# U.F.C. 41 coming up



## ace (Jan 27, 2003)

Ricco Rodriguez Vs Tim Sylvia
Bj Penn Vs Caol Uno
Din Thomas Vs Matt Serra
Tank Abbott Vs Frank Mir 

__________________________________

My Predictions are
Ricco
Bj
Matt
Frank


----------



## J-kid (Jan 28, 2003)

I look forward to ufc 41 
You forgot the main fight i think 
Chuck lidel vs Tito Ortiz


----------



## J-kid (Jan 28, 2003)

I also am giving tank the benifit of the doubt,


----------



## ace (Jan 28, 2003)

When or if it is I Take Tito
His Striking Skills Shocked Alot of People
Including my Self.

But he is still A Good Wrestler & Geting better
With his Submisson Skills Trainingh with Ricco,Fabio & J sect.

Chuck is on a hot ride rite now 
& there is no dout this will be an exciting Fight.
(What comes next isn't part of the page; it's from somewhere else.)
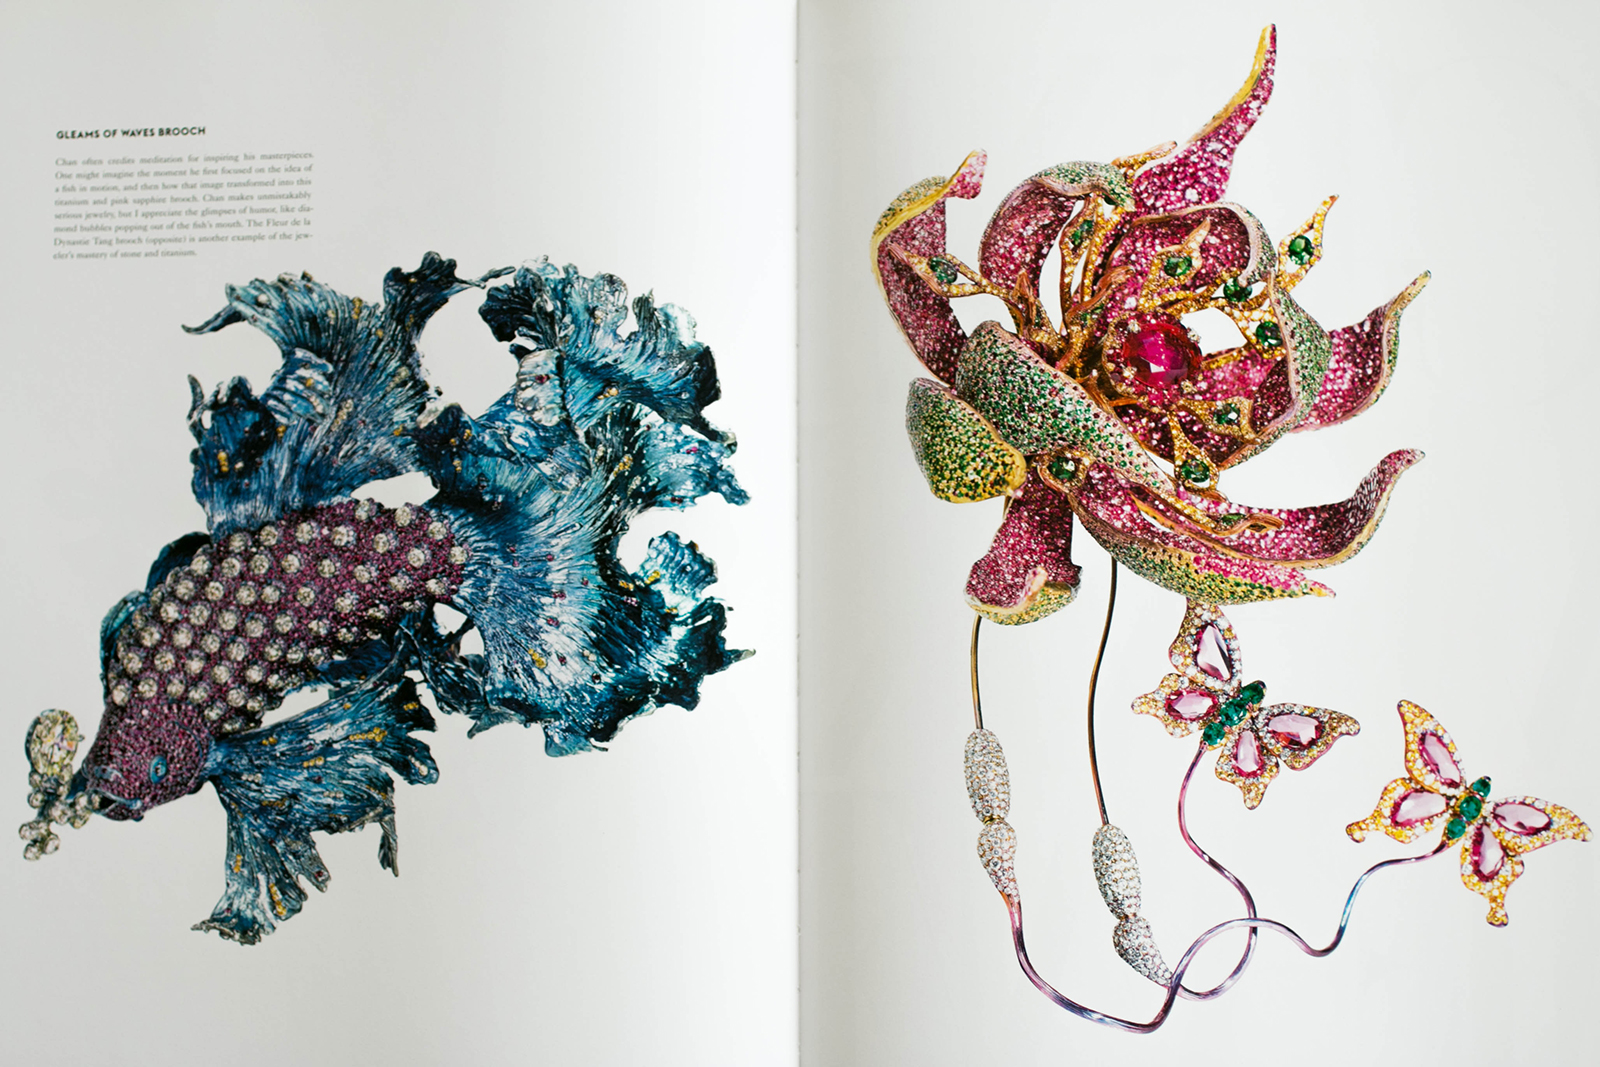 Wallace Chan jewellery in 'Jeweler' by Stellene Volandes
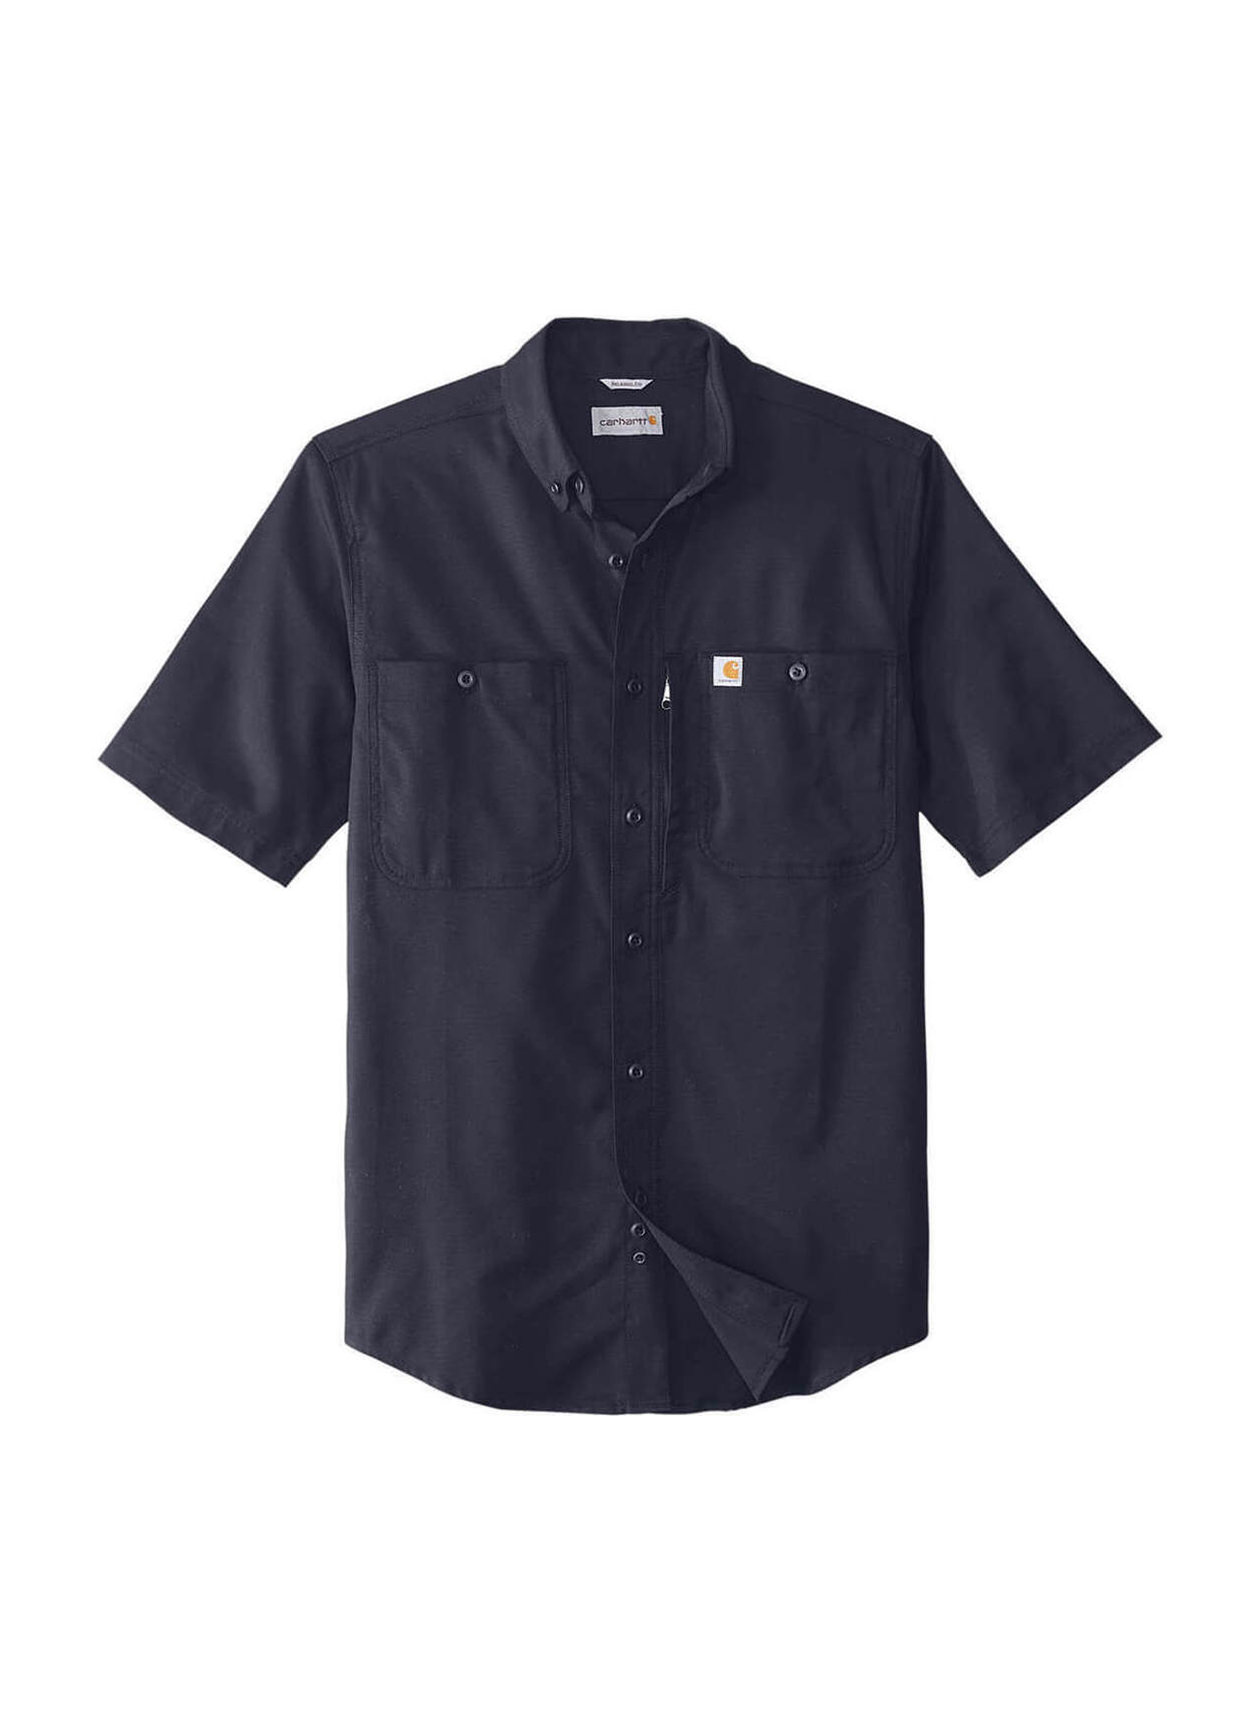 Company Carhartt Men's Navy Rugged Professional Series Short-Sleeve Shirt

To bad These Fights are not under Early U.F.C. Ruels
Or even in Pride


----------



## Handsword (Feb 7, 2003)

when is this event?


----------



## JDenz (Feb 7, 2003)

Feb 20 somehing.  Tito and Chuck are a long way from signed so they probley wont fight for awhile.


----------



## Infight (Feb 27, 2003)

I dont know if it already happened, but i think these 2 strikes can promote an amazing fight.


----------



## ace (Feb 27, 2003)

> _Originally posted by Infight _
> *I dont know if it already happened, but i think these 2 strikes can promote an amazing fight. *




Agreed Silva is Verry Powerful As is Chuck
This Fight Would Be a Barn Burner.

If it happend I would Prefer to See it under Pride Rules.


----------



## JDenz (Feb 27, 2003)

It would probley be a great fight =-)


----------